- The problem
Transcribe exactly the lines from the one containing "The Best New Songs of October" through the end of the data, both included. Leave out pictures.

- Exercise data
----

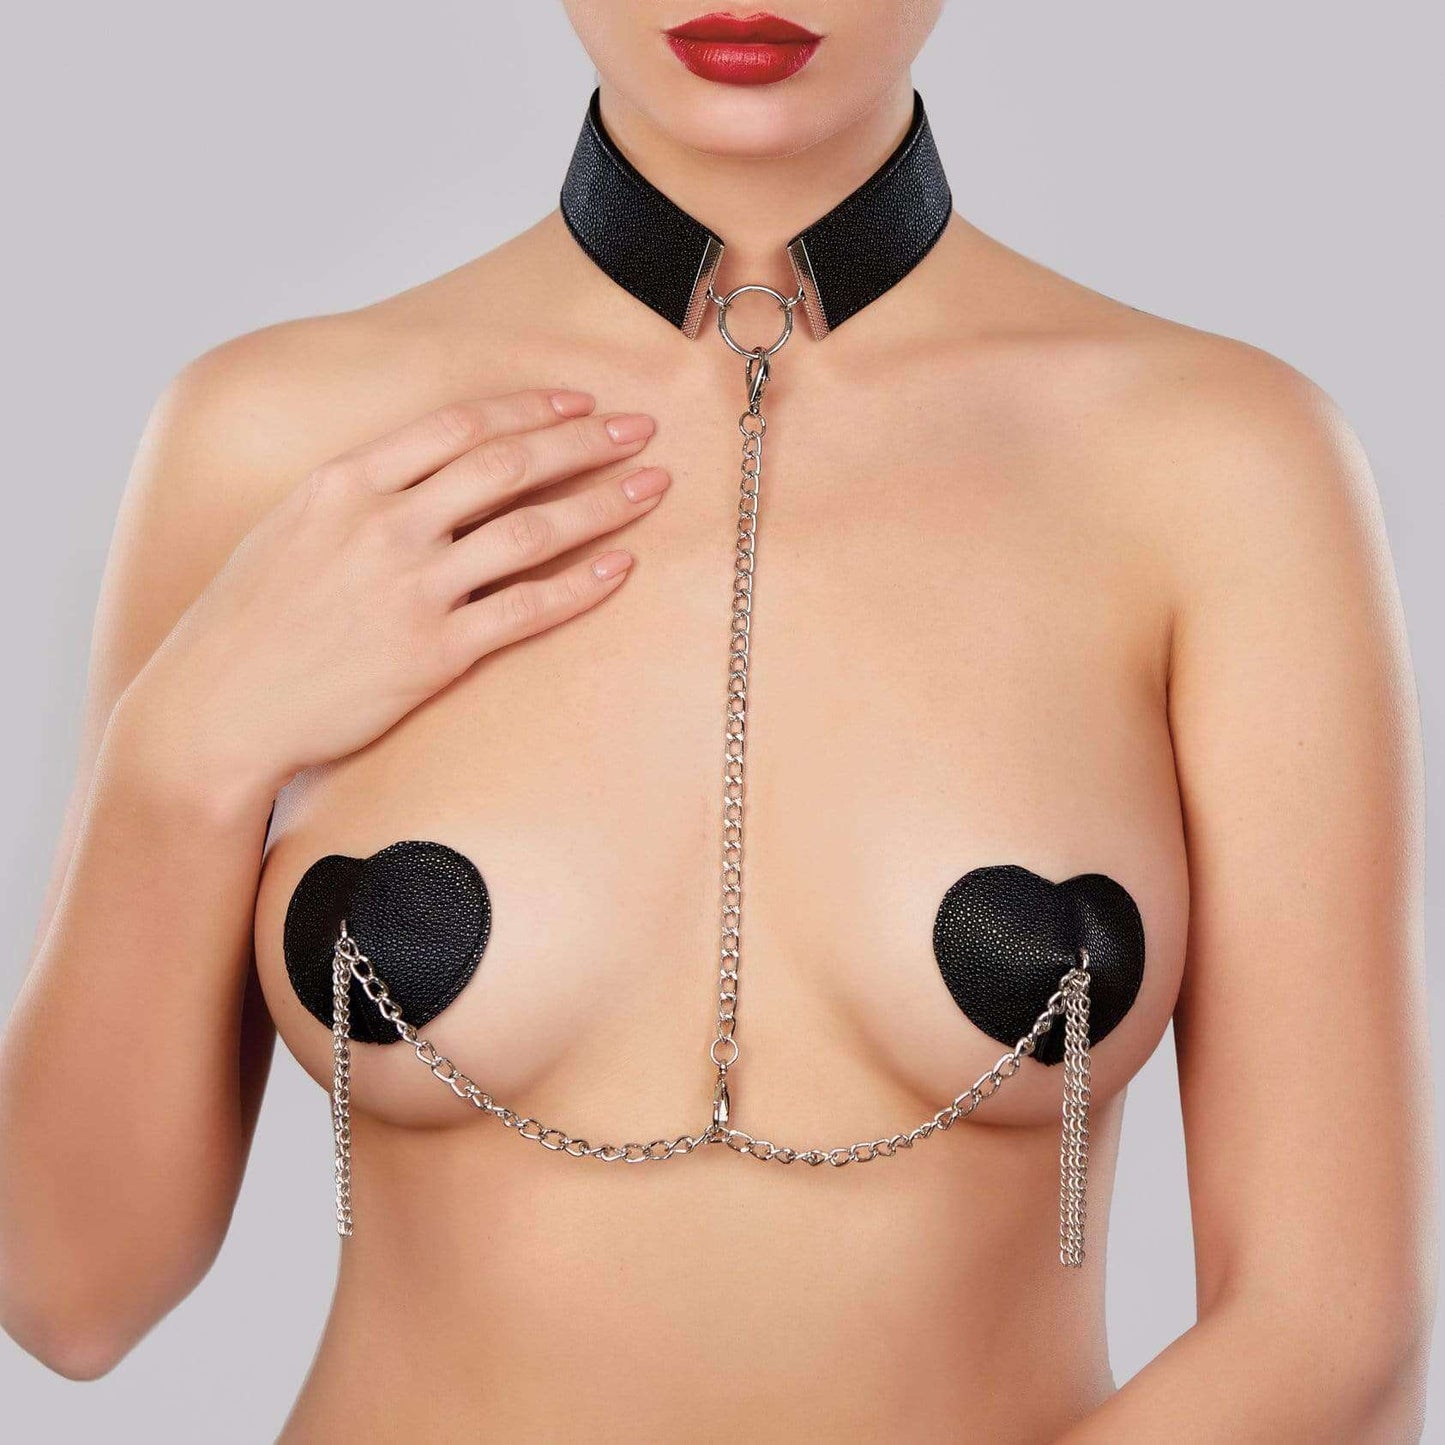 Le Burlesque Collar with Detachable Heart Pasties - Black - Thorn & Feather Sex Toy Canada
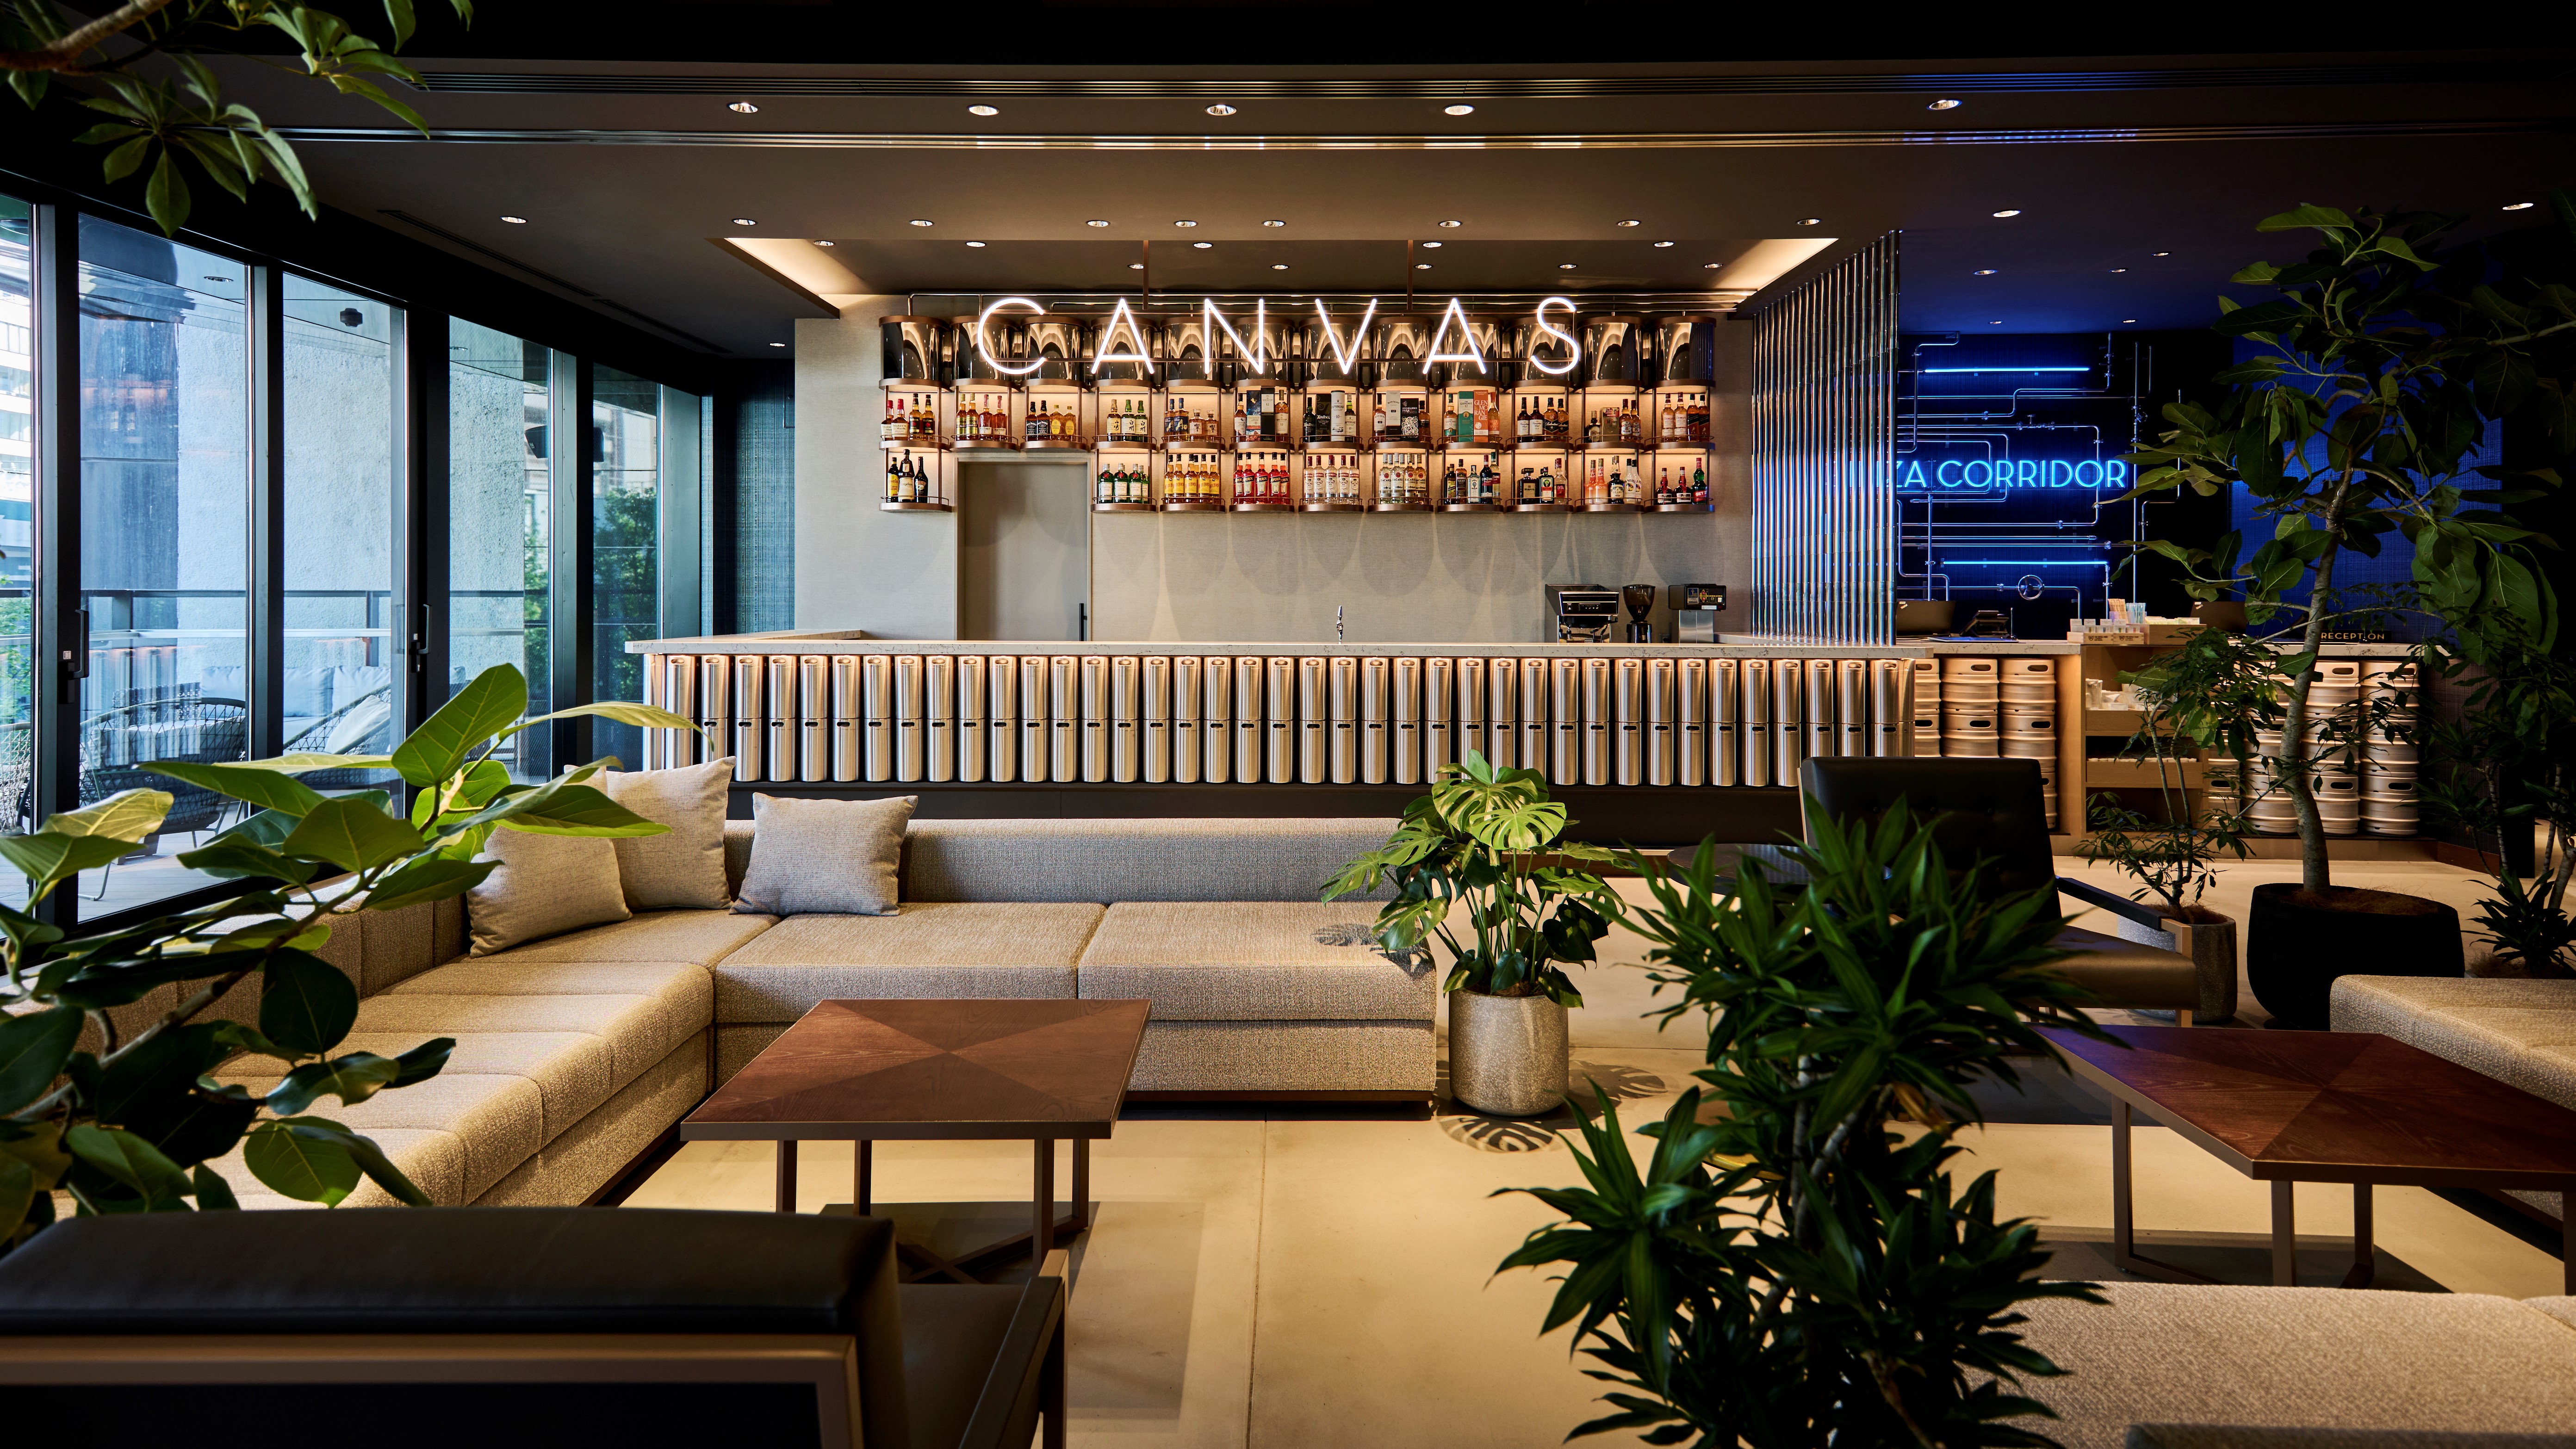 CANVAS LOUNGE produced by P.C.M.
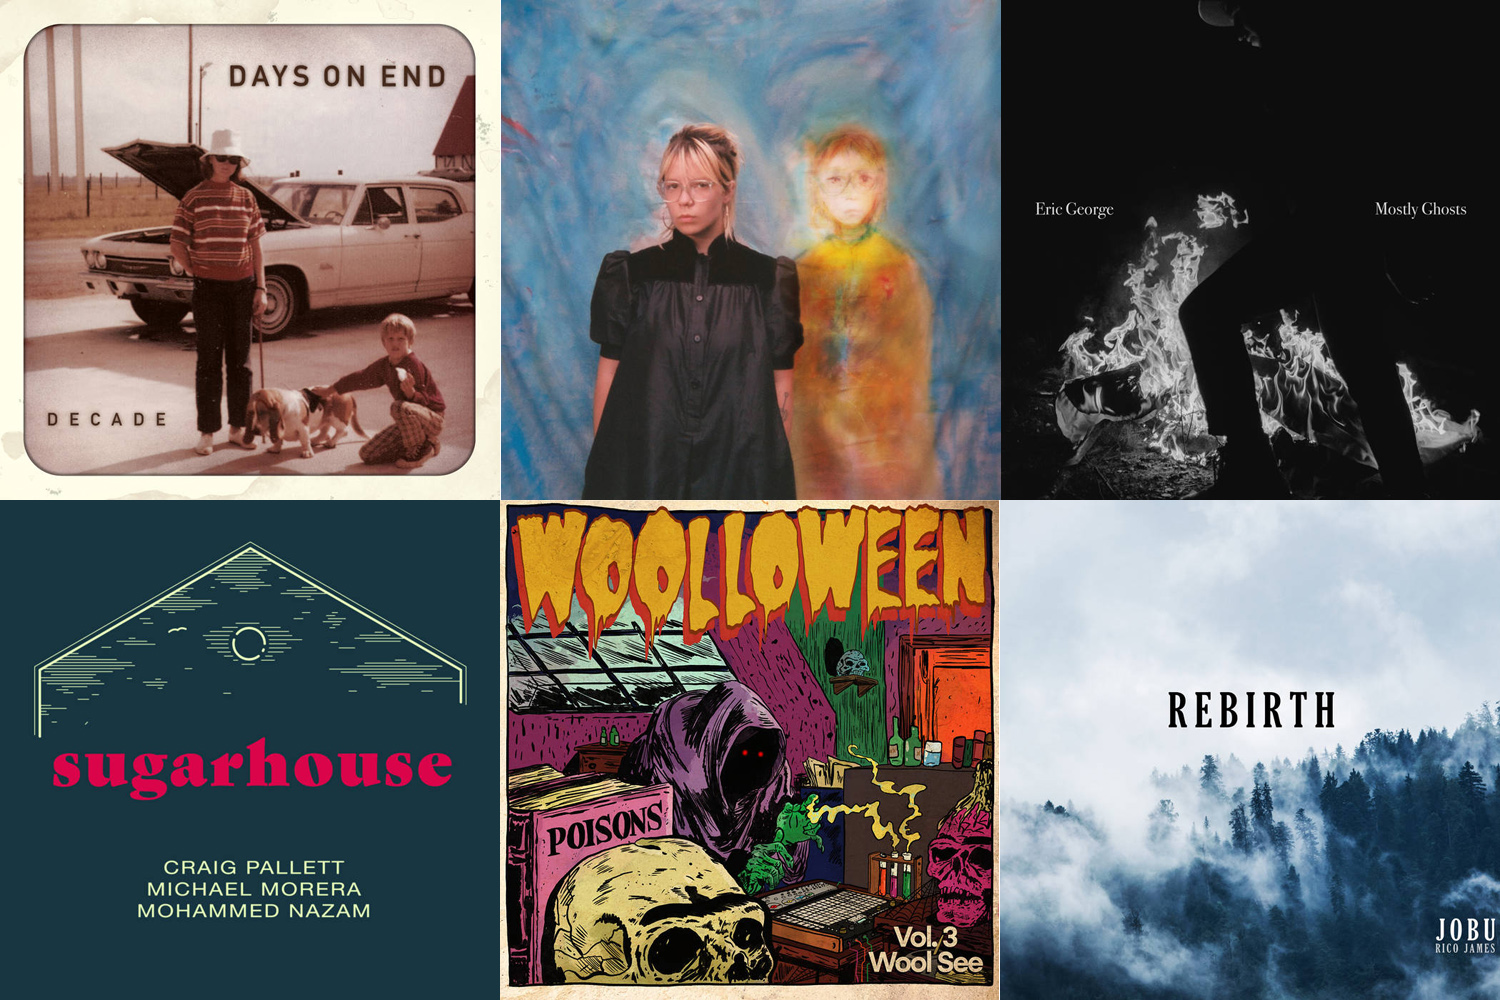 The Best New Songs of October
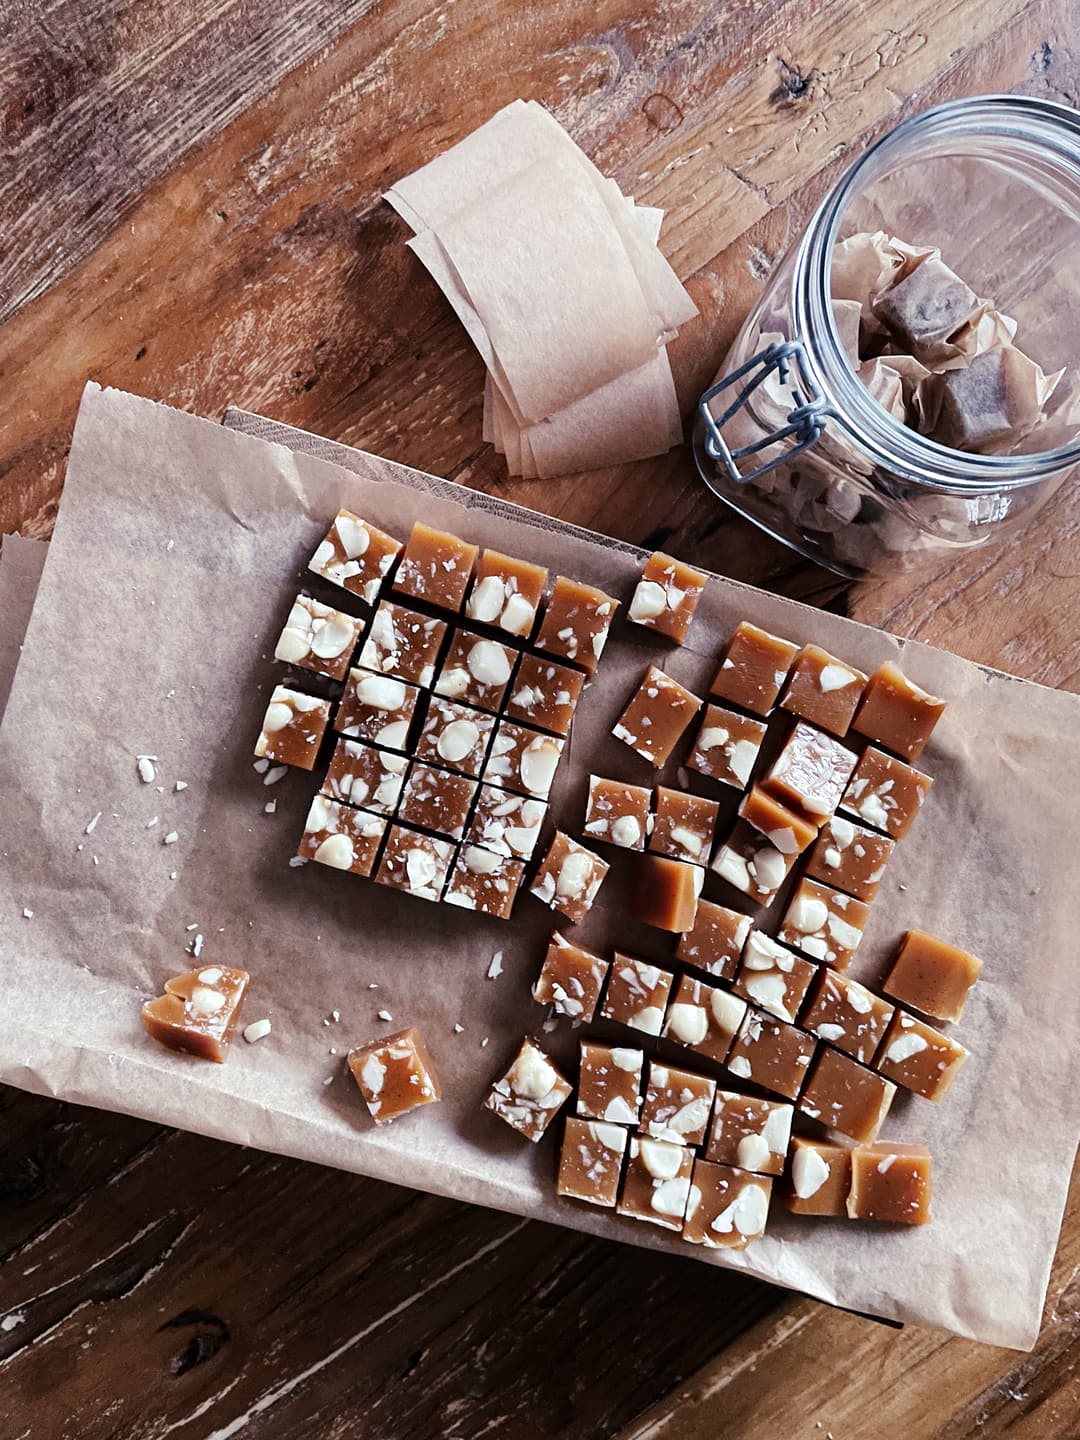 Chopped up pieces of caramel candy, laying on baking paper. There’s also a glass jar with wrapped candies and wrapping paper.

----

- Answer for the task
 The Best New Songs of October
 Chopped up pieces of caramel candy, laying on baking paper. There’s also a glass jar with wrapped candies and wrapping paper.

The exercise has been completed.